Chinese tech giant Tencent has revealed the latest version of its open-source video generation model, DynamiCrafter, on GitHub. Leveraging the diffusion method inspired by physics, the AI tool transforms captions and still images into seconds-long videos.
The second generation of the model produces videos at an improved pixel resolution of 640×1024, showcasing its advancement since its initial release in October.
The key differentiator for DynamiCrafter, according to an academic paper by its developers, lies in broadening the applicability of image animation techniques to a more general visual content spectrum. The model incorporates the motion prior of text-to-video diffusion by using the image as guidance, setting it apart from traditional techniques that focus on specific domains like natural scenes or human motions.

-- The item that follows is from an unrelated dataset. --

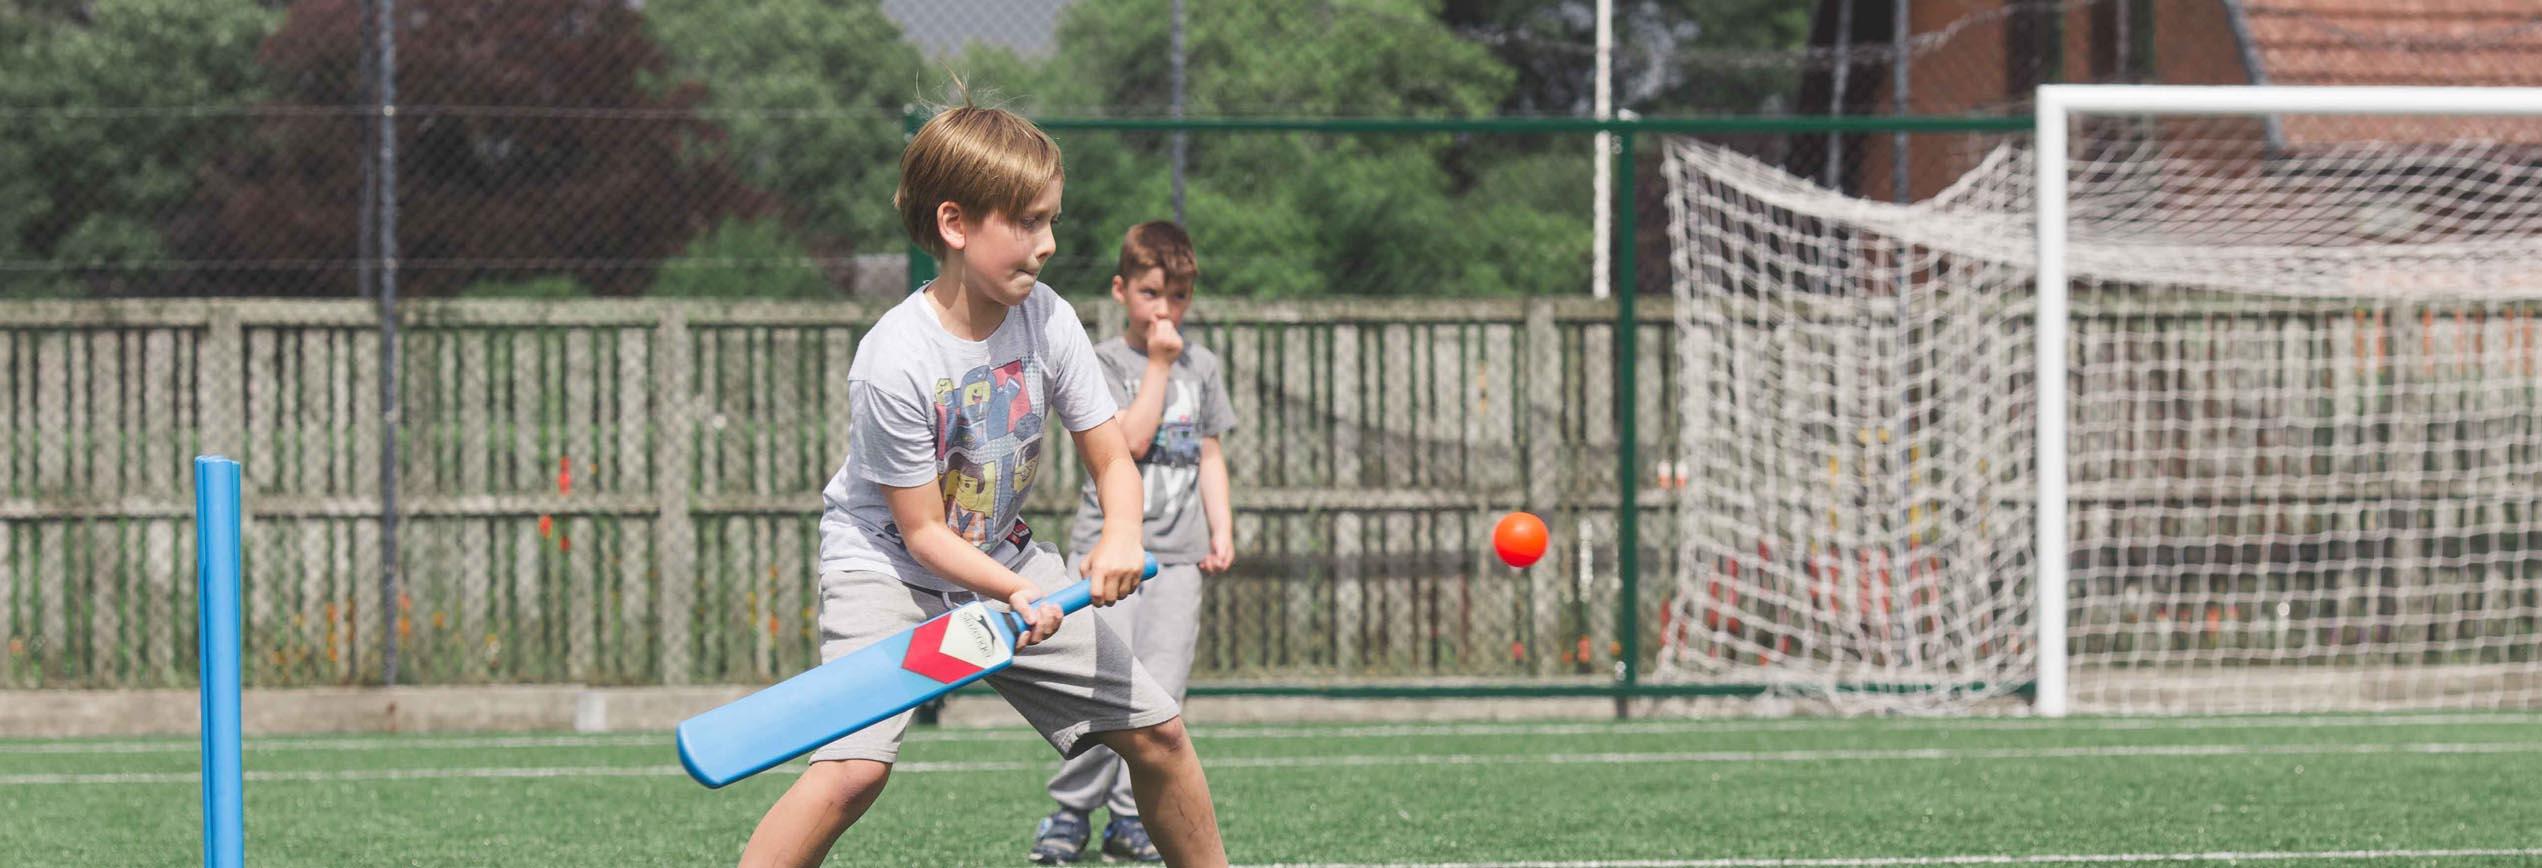 vision coaching sports camp Ayr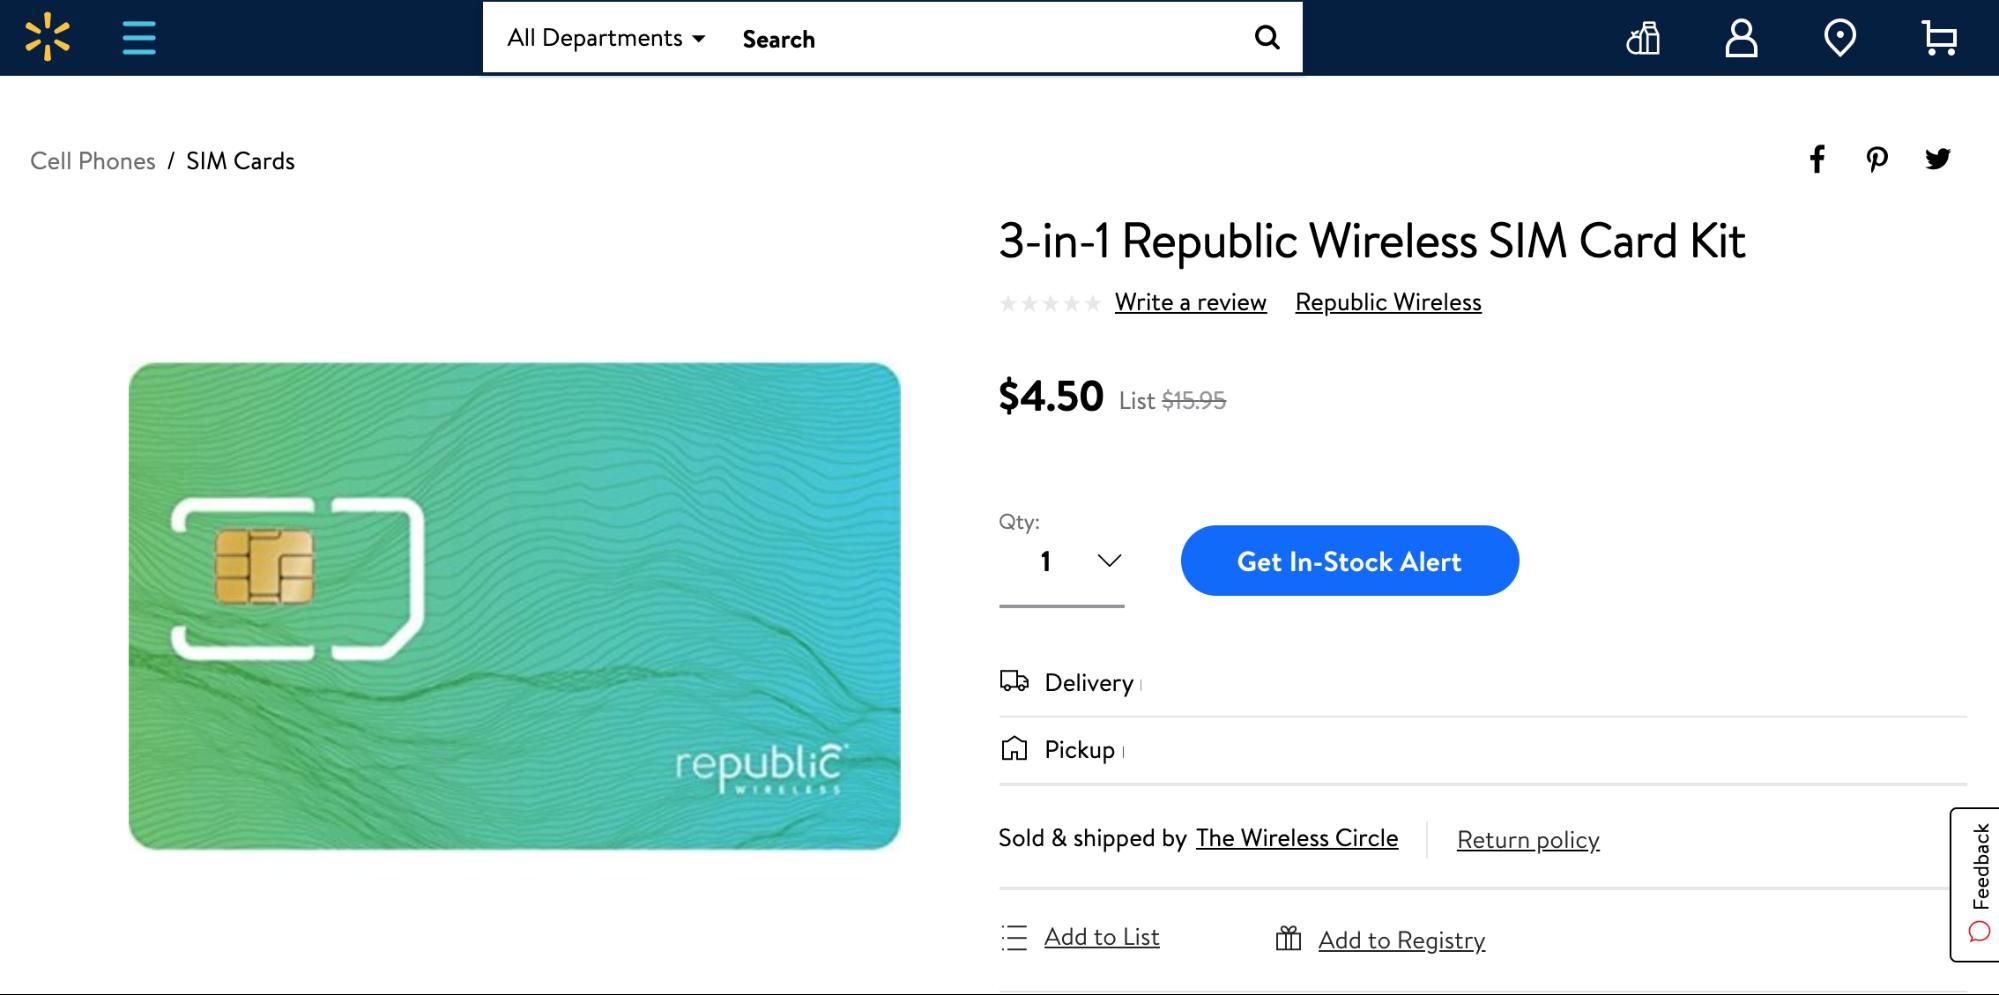 Trickut - Walmart wireless carrier plans - republic wireless sim card kit

DynamiCrafter vs Stable Diffusion
In a comparison demo with Stable Video Diffusion and Pika Labs, DynamiCrafter exhibits slightly more animated results, emphasizing its potential in the evolving field of generative videos. While none of the models, including DynamiCrafter, currently produce full-fledged movies, generative videos are gaining attention in the AI landscape after the success of generative text and images.
DynamiCrafter
— AK (@_akhaliq) February 5, 2024
Demo: https://t.co/im9Jb6xH3y
model: https://t.co/jvp6qku3MN
Animating Open-domain Images with Video Diffusion Priors pic.twitter.com/sq3x3SMa5t
Tencent joins other Chinese tech giants like ByteDance, Baidu, and Alibaba in advancing AI video generation. ByteDance’s MagicVideo and Baidu’s UniVG have posted demos on GitHub, while Alibaba has open-sourced its video generation model VGen.
This move aligns with the global trend of Chinese tech firms sharing AI technologies with the broader developer community. The continued focus on AI video generation indicates its potential as a significant frontier in the ongoing AI race.